セシィが私室から出るとすぐ脱力してベッドに寝転がって目を閉じる。すると、興奮して寝つきが悪かった昨日とはうって変わって、すぐに夢の世界へと入っていった。



―――――――――


コンコンッ。


『おはようございます。お嬢様。』


『おはよう。セシィ。』


『あら、今日はちゃんとお目醒めになっているのですね。』


『そんな続けて寝坊なんてしないよ。そもそも私が余り寝坊しないのはセシィが一番良くわかっているでしょ?』


『まぁそうですが残念です。』


『セシィに対する恐怖感が良いように作用しているのねきっと!そう確信した!今ので!』



朝の支度をすませて、朝食を取りながら、今日一日の予定を考える。今日は何があったっけ?たまには待女に頼らなくても平気だと言うところを見せねばなるまい。

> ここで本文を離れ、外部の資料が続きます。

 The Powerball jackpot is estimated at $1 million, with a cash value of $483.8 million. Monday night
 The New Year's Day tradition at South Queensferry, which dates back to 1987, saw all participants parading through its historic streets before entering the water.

・・・あれ今日の予定ってなんだっけ。全然思い出せない。



『今日は特に何もご予定はありませんよ、お嬢様。』


『そう、流石ね。言われる前に先回りなんて。』


『顔にそう書いてありましたから。』


そうか。そうなのか。顔に出ていたならば仕方がない。

しかし、予定が何もないとなると、どうすれば良いのだろう。二度寝するにも眠気がないし、本を読もうにも、こないだ読み返したばかりである。魔法の練習は…、目の前の待女が許してくれない気がする。窓から外を眺めてみる。非常に良い天気だ。


『お出掛でもしようかしら。』

『ダメですよ。襲われたらどうするんですか。』


ふと声にでた事が即座に否定される。


『む、良いじゃない偶には。社会勉強よ。べ・ん・きょ・う』


正直な所、暑いし、言うほど出たくもなかったのだが、そうもあっさり否定されると意地でも外に出たくなってくる。否出てやる。


『ちょっとお父様に許可貰ってくるわ。』


言うが早いか、俺は私室からおそらく父が居るであろう執務室に向け、てくてくと歩きだしていた。


活動報告にも書いたのですが、5話以内の入学という公約、守れなそうです…。